A fair amount looser than a flat collar is easiest. When you have one that is BARELY big enough, it is REALLY a pain in the rear to get it off! I almost need 3 hands to get Sirens off.

I asked about his age wondering if he was going to grow any more. Since he is almost 4, I guess I have my answer.


----------



## Ruthie (Aug 25, 2009)

Mmmm... Sounds like I let him wear his flat collar pretty loose. When I measured according to the flat collar instructions above, I put his collar on one hole looser than he wears and could easily get it on and off over his head. Of course DH was holding a treat, so he was pretty cooperative. LOL! I measured from tip of the buckle to the hole I had it latched in. 21" I will measure again tonight.

I hadn't thought of double linking if it is loose. Maybe I should go with a 22 or 23. 

Thanks for all the advice everyone! And the cool pics! Isn't it just so much fun to buy new dog stuff?


----------



## GSDluver4lyfe (Nov 15, 2006)

Amy,

Just for size reference Mace wears a 23" curogan fursaver and its hard getting it over his head and it fits pretty snug around his neck. Bison is larger, a 23 might be difficult getting it over his big ol head









Ally


----------



## onyx'girl (May 18, 2007)

Karlo is in a 23" and it is getting a bit hard to get off.
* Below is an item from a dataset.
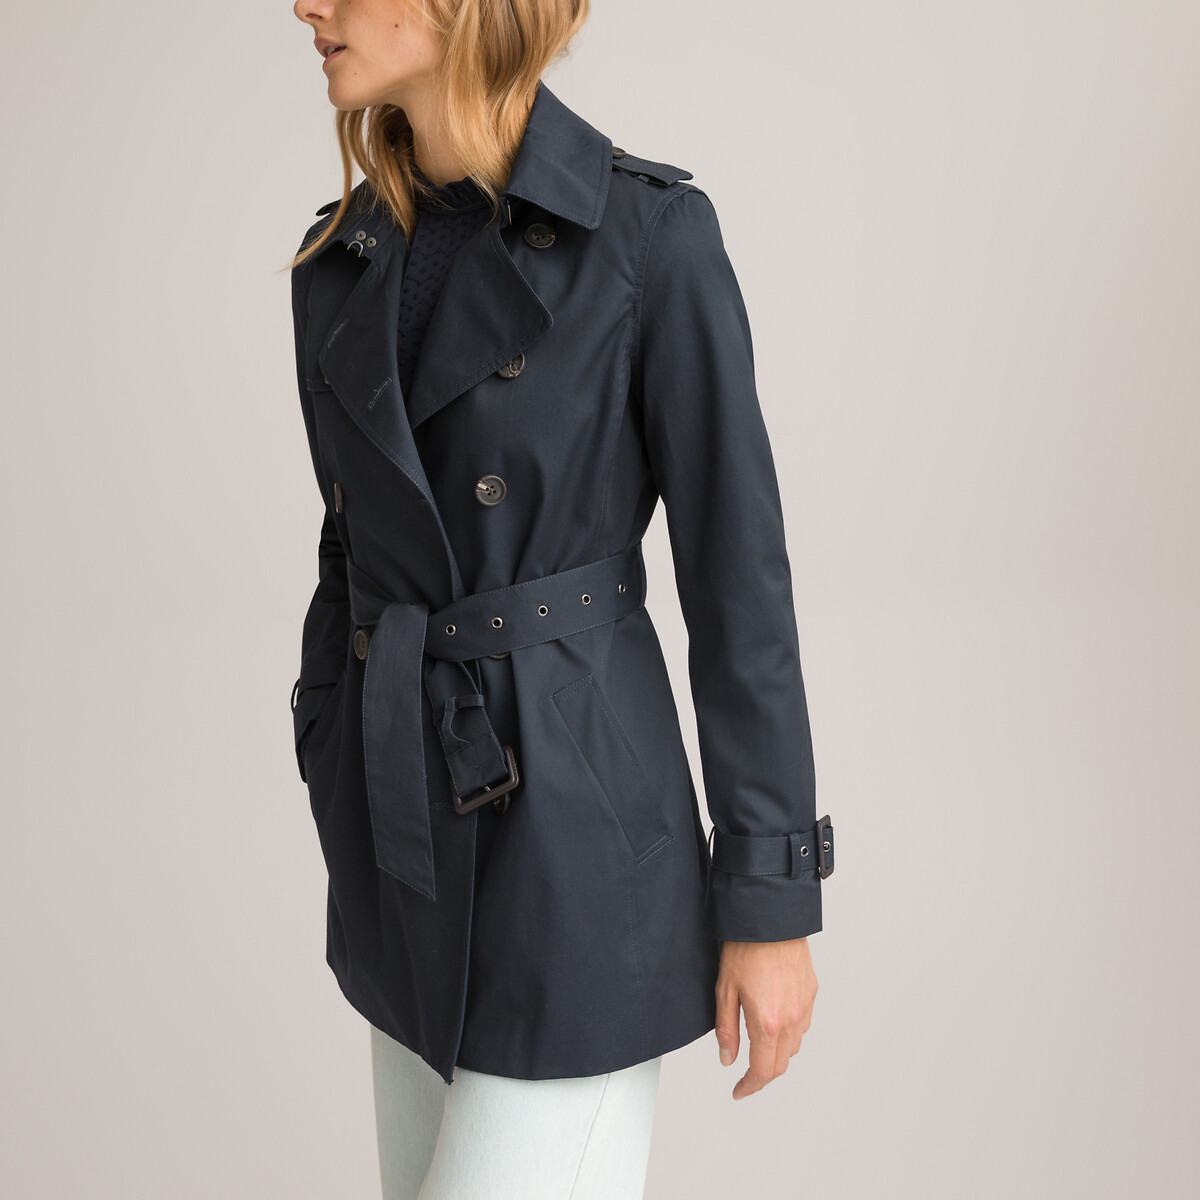 Bomuld mellemlang trenchcoat La Collections | La Redoute

He isn't even 7 months! 
Lies, I'll get your small one back to you! He outgrew it a long time ago.


----------



## Muttman (Sep 16, 2009)

> Originally Posted By: RuthieThanks for all the advice everyone! And the cool pics! Isn't it just so much fun to buy new dog stuff?


And expensive







. Keep it up to much and the DH may collar you...







. Good luck and I really think with your small pomeranian (Bison) you need the big links.


----------



## JKlatsky (Apr 21, 2007)

I have to say...21" sounds small to me too. Argos wears a 24" large link Brass fursaver that I got on Ebay for $5! and while it's quite loose around his neck it's just about perfect to get over his head. Anka wears a 21" small link stainless, but she's got a pretty small girly head...


----------



## Ruthie (Aug 25, 2009)

I am so glad you all chimed in with the opinions on collar length. It prompted us to further investigate. We took Bison to the pet store and tried on choke chains. The 21" fit over his head, but was very difficult to get off. The 24" fit over his head and came off easily even with his crazy "hey I'm at the pet store there are so many smells and people and kids and cats..." state of mind.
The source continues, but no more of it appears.